If you’ve been limiting yourself to a costly financial advisor for getting sound financial advice and if you no longer have the discretionary funds nor do you want to use them on a wealth manager anymore, you can use AI to your financial advantage.
“If you’re not very confident with investing you may see a news headline that says a company in your investment portfolio has come under a certain threat, and this might alarm you just enough to sell your shares immediately. However, this could later be considered a mistake,” Shakeel added.
“This is when AI investing turns very useful – when it enables you to resist such market impulses. With AI’s capability to quickly process content sources to identify changes in public sentiment or interest, it can eventually help you save money in the long run.”
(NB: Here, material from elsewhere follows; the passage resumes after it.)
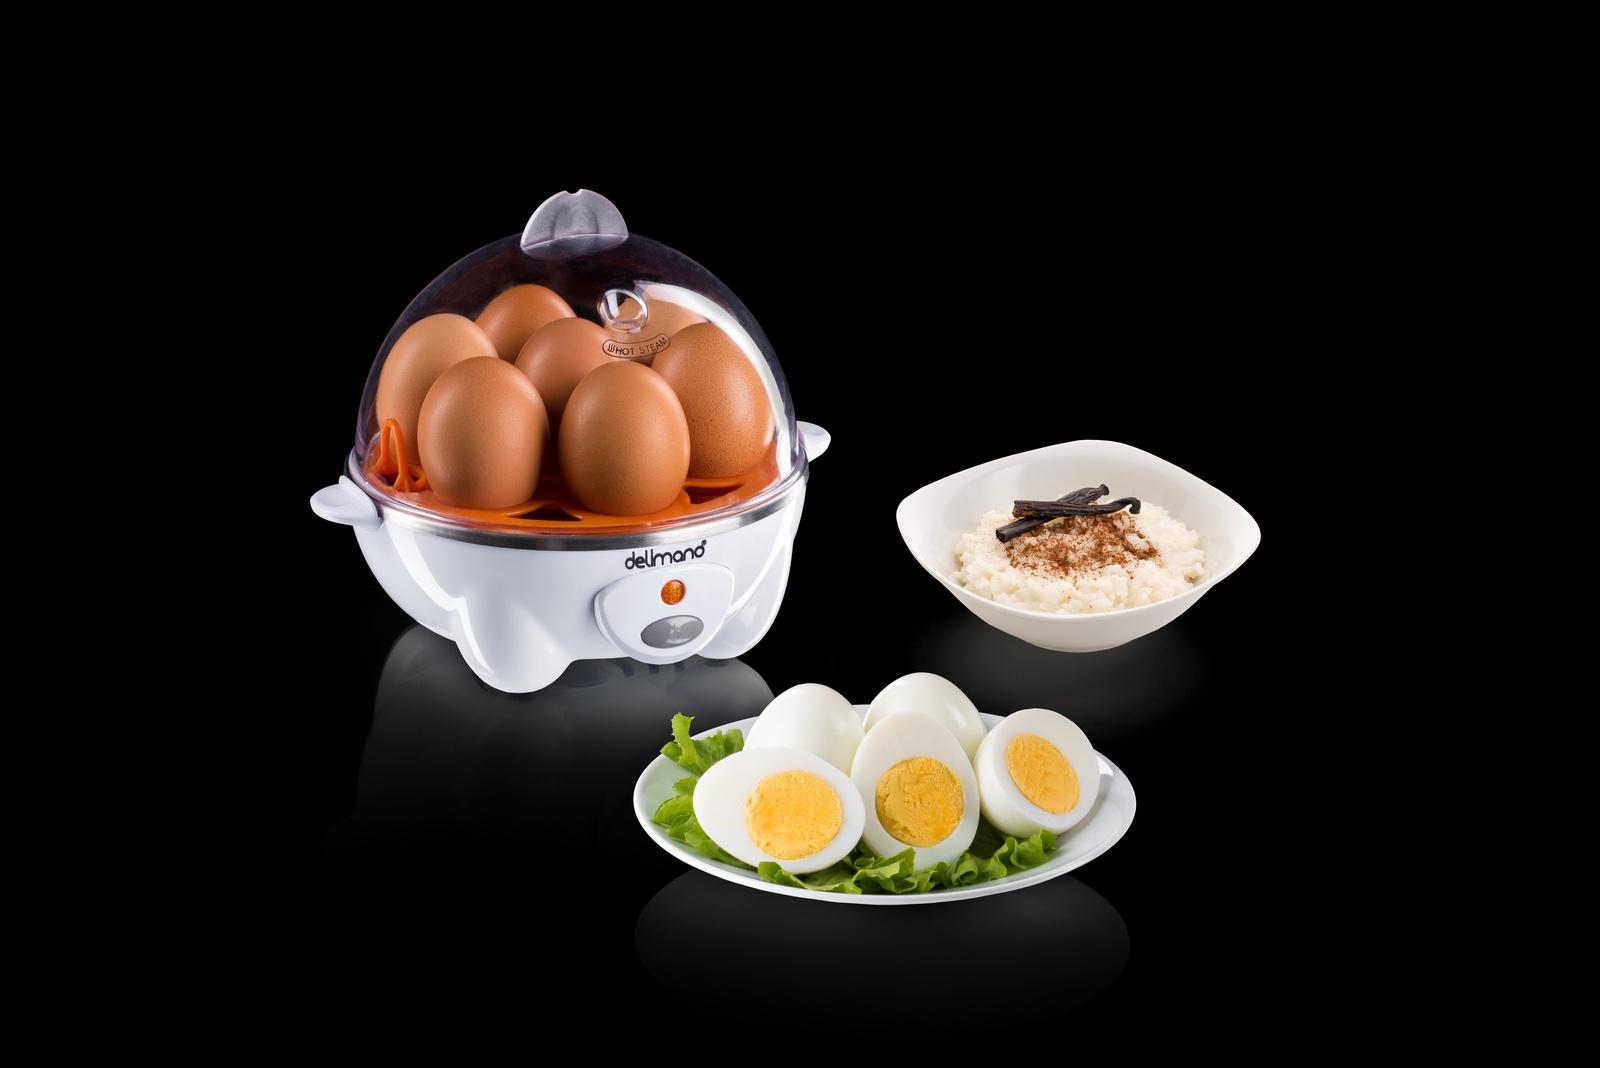 Яйцеварка Delimano Utile Egg Master Pro, белый, оранжевый Delimano
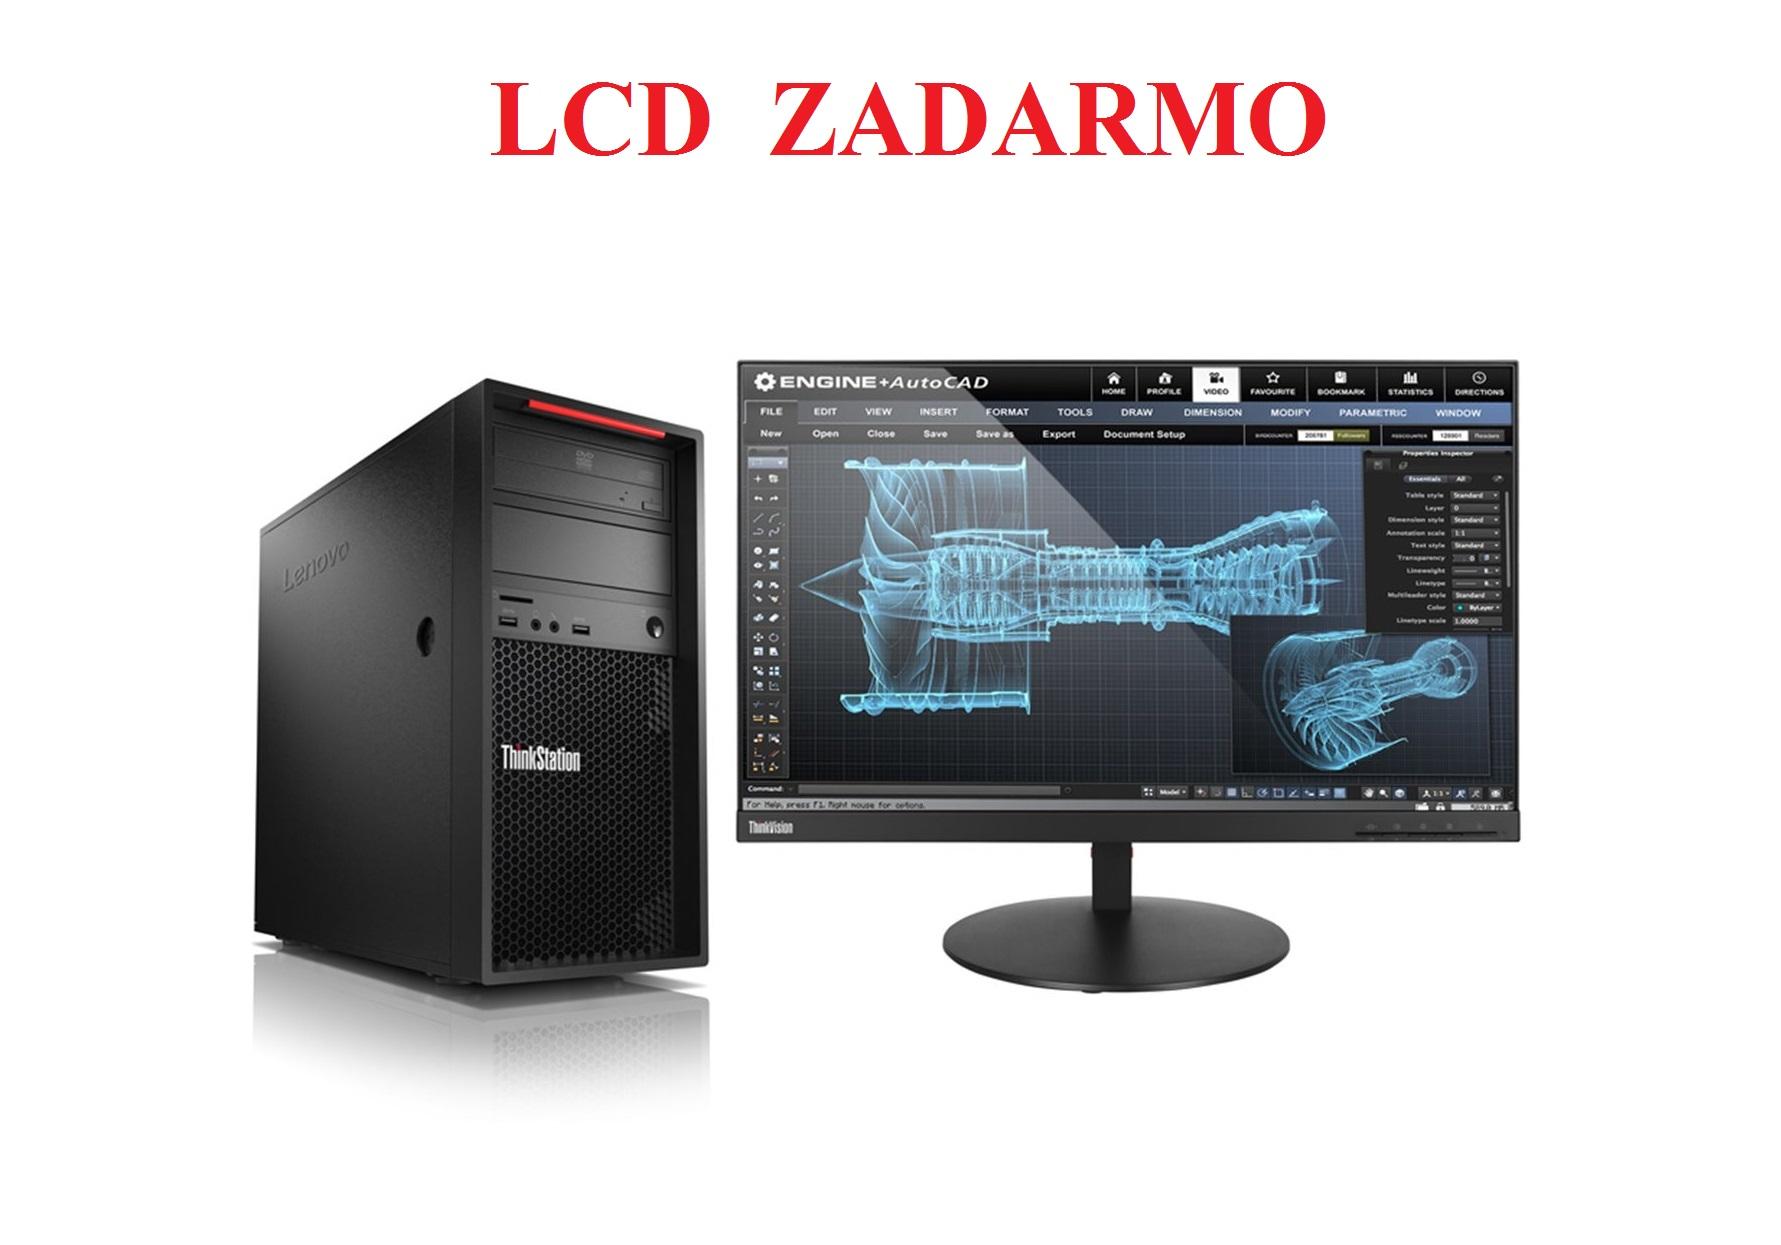 TS P920 TWR/2x Xeon4116/64GB/256+1T/P4000/DVD/W10P+LCD ZADARMO

So even when research can be too daunting for a newbie investor, particularly when it comes to making decisions in a fast-paced field like investing, AI is making it possible to make decisions based on more data in less time.
But the question remains as to how much control of one’s investment holdings can ultimately be handed over to machine intelligence? The answer for now is straight-forward. Like with all other investments, the AI avenue of investing is proving to be an effective way to diversify and be allocated some of your money, but not all of it - atleast not just yet.